Creativity and ideation is a vital part of the R&D process and one that is of great interest to managers.
Creativity can seem quite a messy discipline, but I find it useful to categorise it into 4 aspects: process, people, product and place. This classification is based on the 4P’s of creativity developed by the pioneering US creativity researcher, Mel Rhodes.
Process: This relates to the stages of the creative process, and tools and techniques to help.
This is the aspect of creativity that most people think of first. It encompasses useful descriptions of the stages of the creative process, and a wide variety of structured tools and techniques to help the process of generating new ideas in different situations. The best known tools include Brainstorming, TRIZ, 6 hats and Attribute Association, but creative people like inventing their own creative processes, so there are a lot of these (many only subtly different from each other!). However, in general they are trying to help users break free of fixed patterns of thought, gather new stimuli, make new connections, and tap into deeper (sometimes intuitive) insight into the problem.
People: This describes the traits and characteristics of creative people, and how to help them.
Creativity is a deeply human process, so it’s no surprise that insights from various branches of psychology and neuroscience can be very helpful in understanding how to encourage creativity and the process of ideation. It often takes a lot of work before a “good idea” is recognised as such, so creative people need to develop both persistence and their powers of persuasion. It’s important to realise that people differ quite profoundly in what helps or hinders their creativity. For example, while some people find structured tools useful for enhancing their creativity, the most creative people will often find them positively detrimental, but can be helped to be more effective in other ways. MBTI can give very useful insight into these personal preferences.
Product: This relates to the characteristics of creative “products”, and how to create these.
A product (which could be an artefact, a system or a service) would not be considered as creative if it were not both novel and useful. This is why skilled R&D innovators give high priority to understanding the “problem” they want to solve, particularly the “non-obvious hidden needs”, before starting the process of ideation. Useful techniques for uncovering hidden needs include Repertory Grid and Ethnographic research.
Place: This relates to the environment, within which creativity takes place, and how to improve it.

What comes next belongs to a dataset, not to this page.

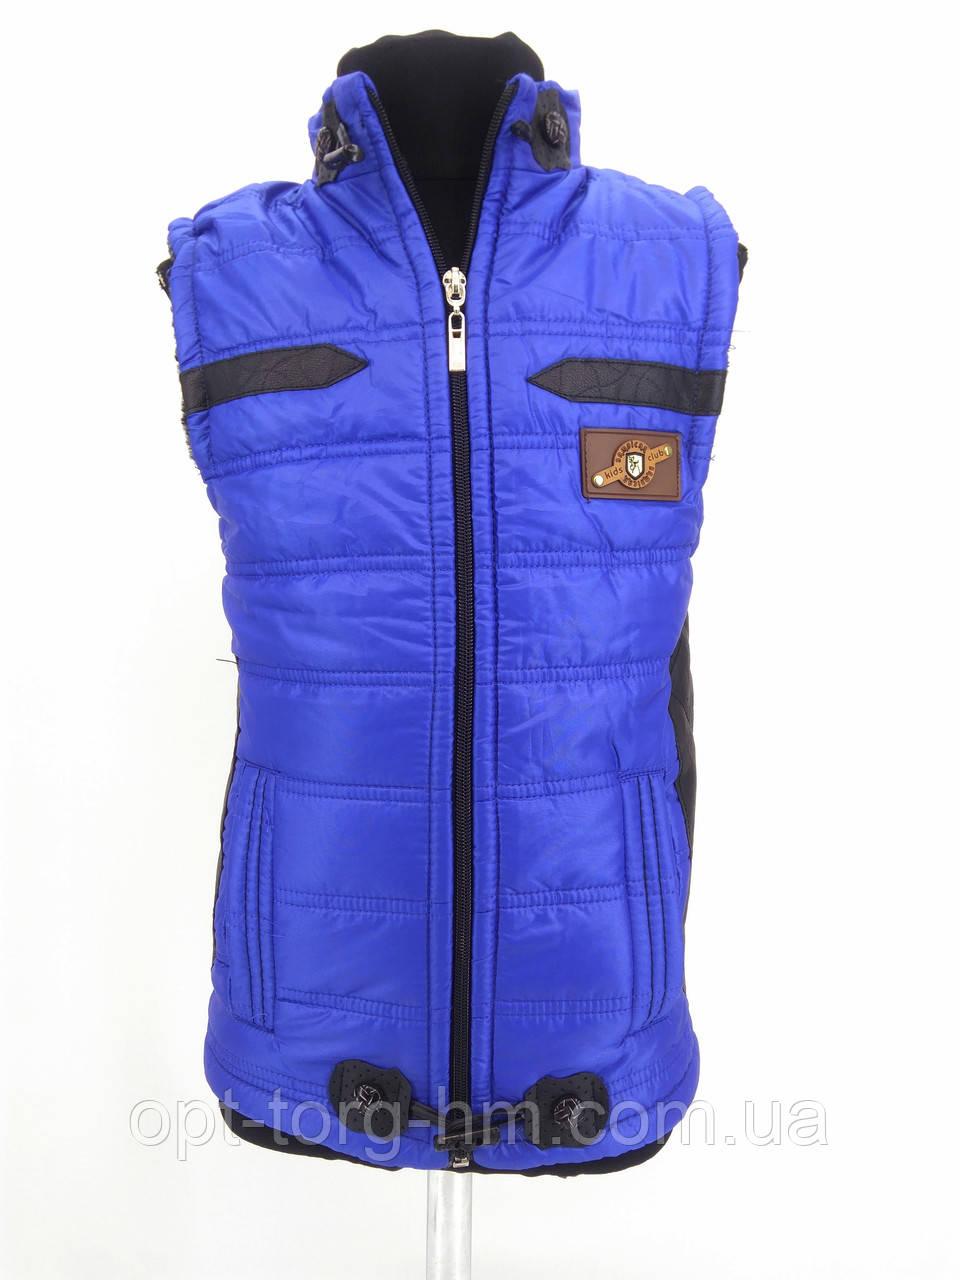 Детская жилетка для мальчика с меховой подкладкой (синяя)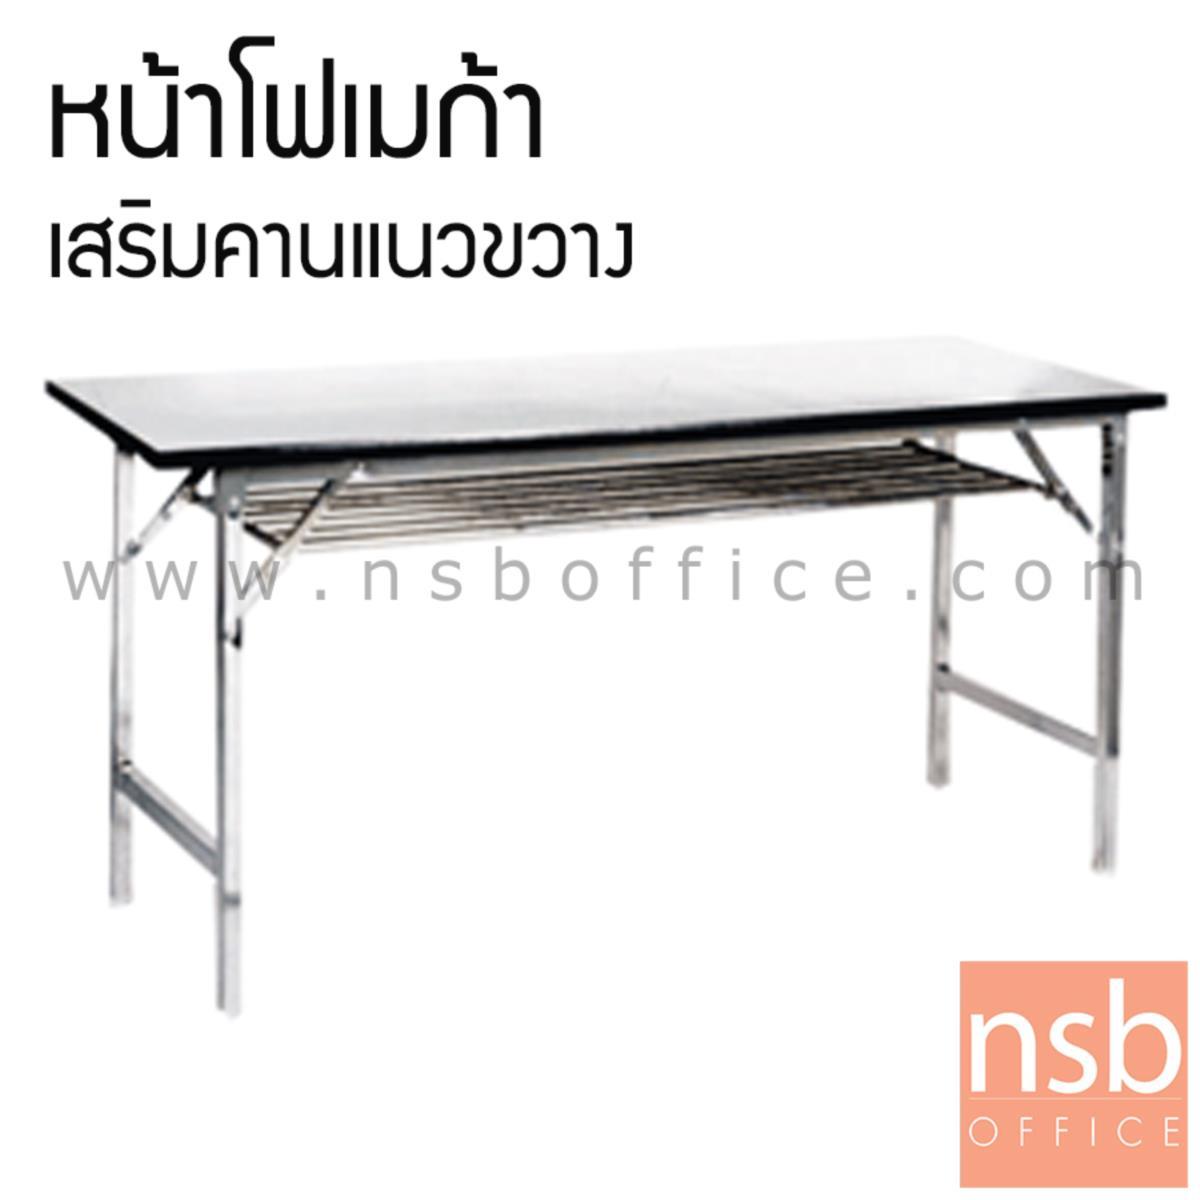 A07A014:โต๊ะพับหน้าโฟเมก้า มีตะแกรงวางของ   (พิเศษ เสริมคานแนวขวาง)

An idea may start in a single head, but good ideas will require a diversity of knowledge from a number of people, so it’s helpful if the environment encourages useful interactions and experiences. Creative ideas can very easily be stifled by fear of failure, rigid processes and or stringent performance targets, so organisational culture and management style are important. Important thinkers in this area include Amabile, Von Hippel and Takeuchi.